Data provided:
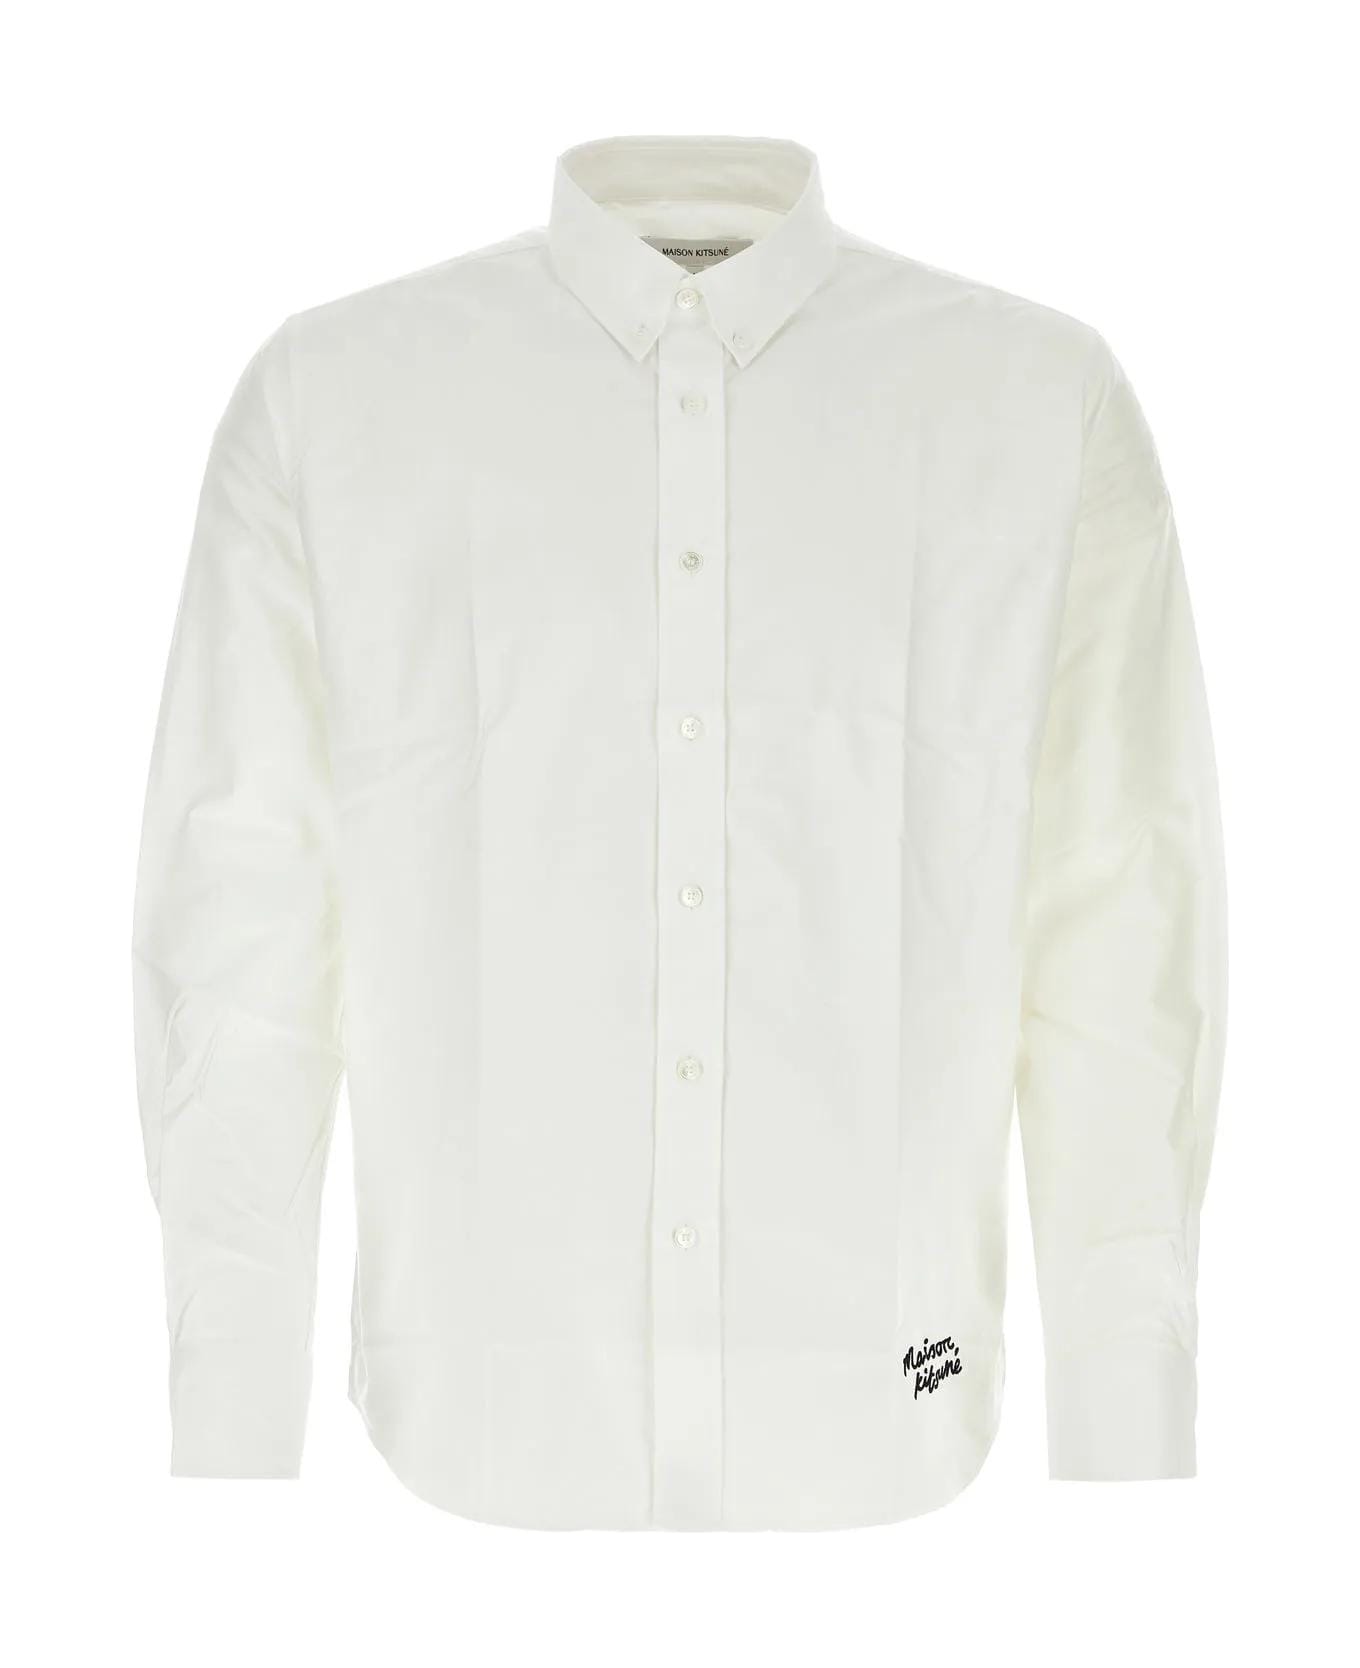 Maison Kitsuné White Cotton Shirt - P100 WHITE
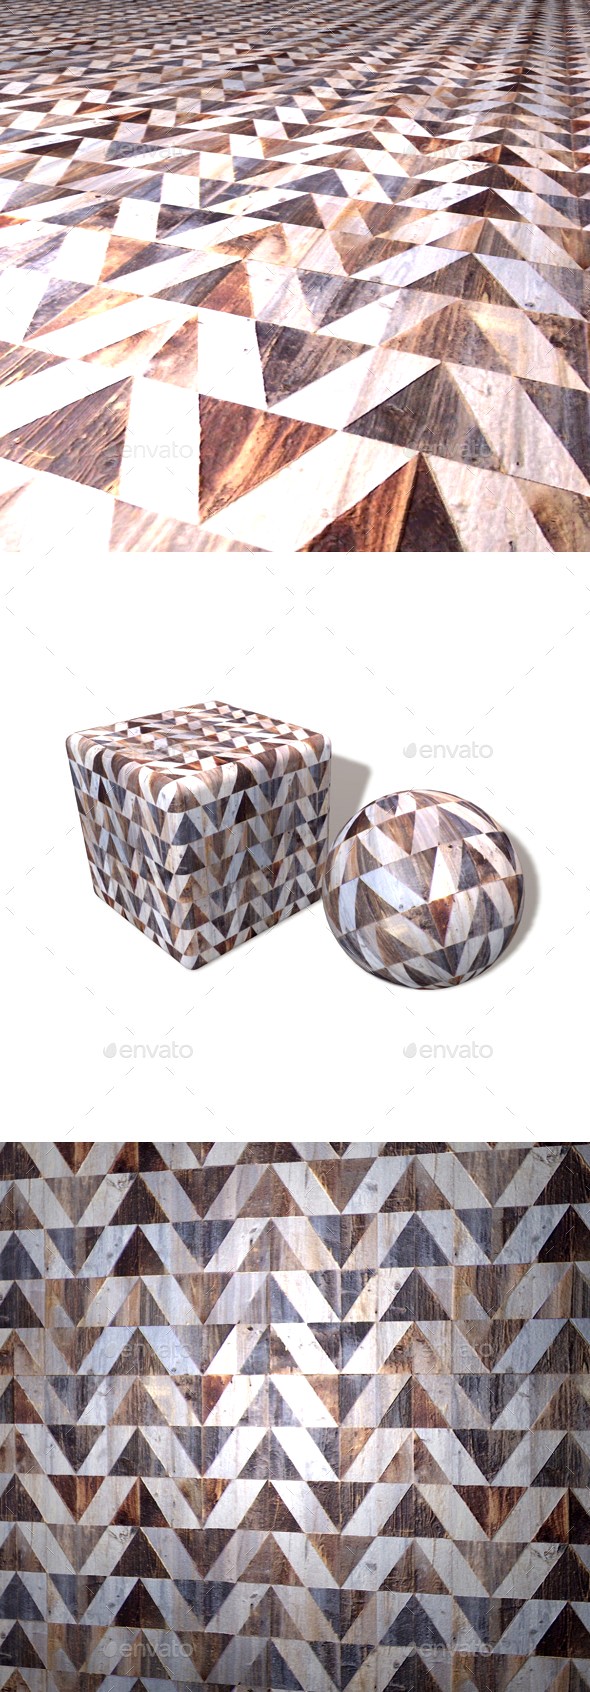 Wooden Pattern Tile Seamless Texture
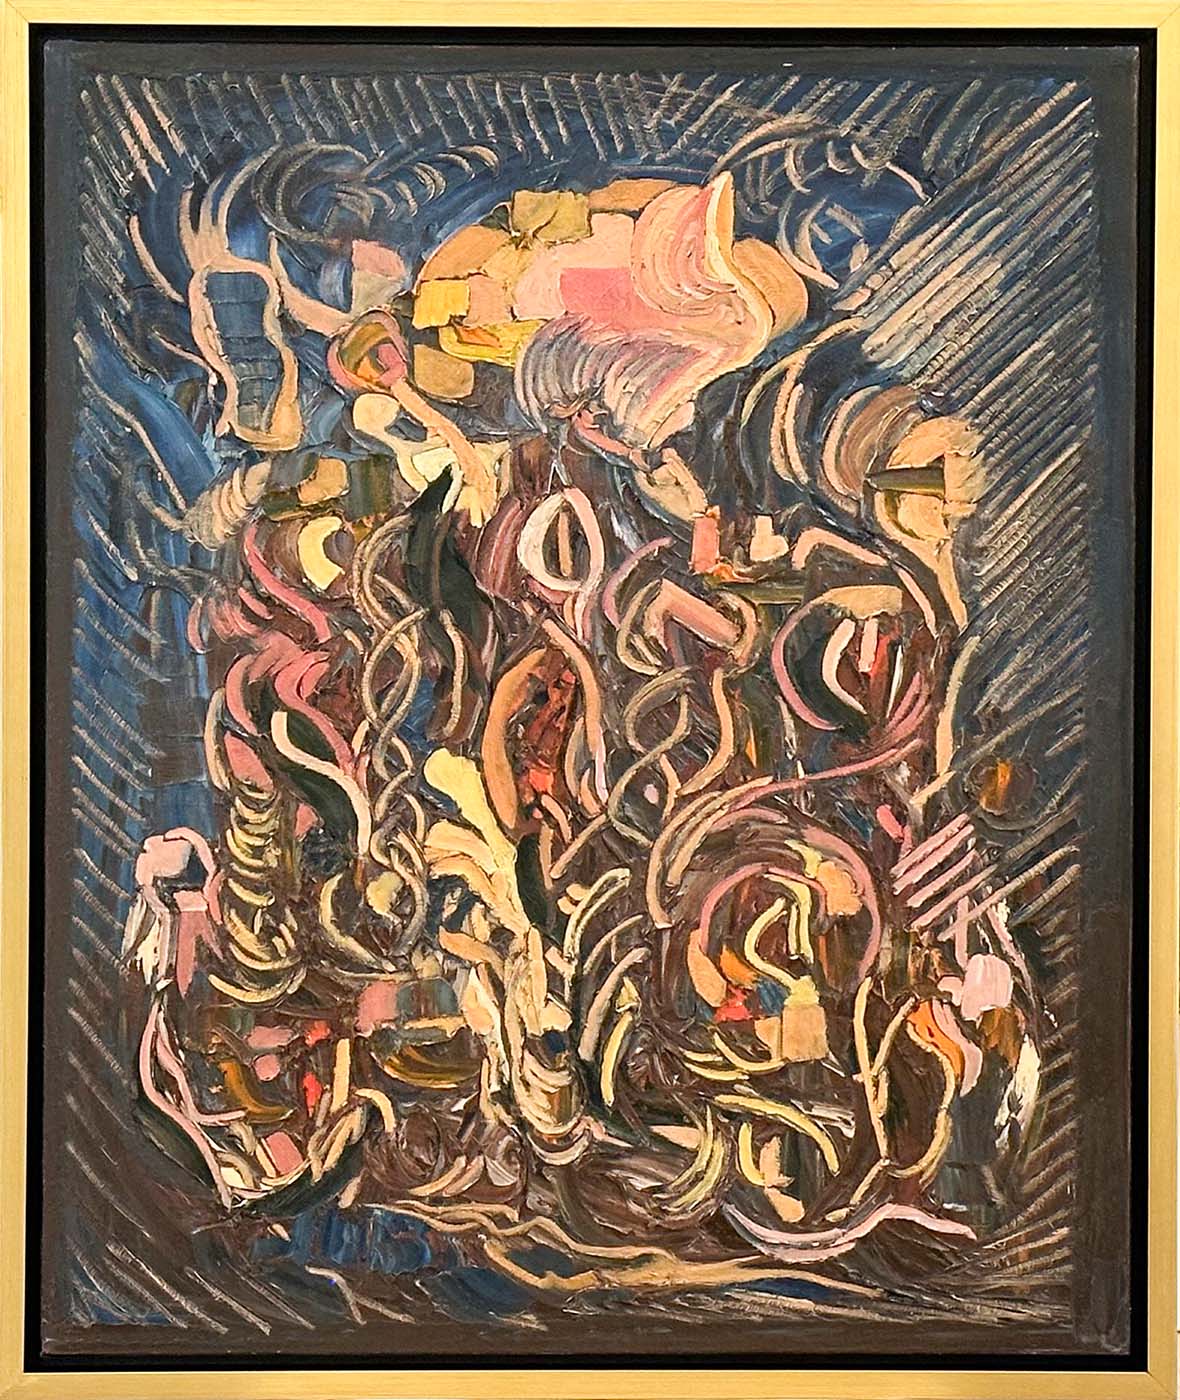 Abstract Art. Title: Medusa Revival, Oil on Canvas, 24x20 in, Framed by Canadian artist Franz H. Schmidt.

What you have to do:
Please give again, word for word, the lines from the one containing "Wooden Pattern Tile Seamless Texture" through the last line of the listing above, inclusive, and leave out pictures.

Problem solution:
 Wooden Pattern Tile Seamless Texture
 Abstract Art. Title: Medusa Revival, Oil on Canvas, 24x20 in, Framed by Canadian artist Franz H. Schmidt.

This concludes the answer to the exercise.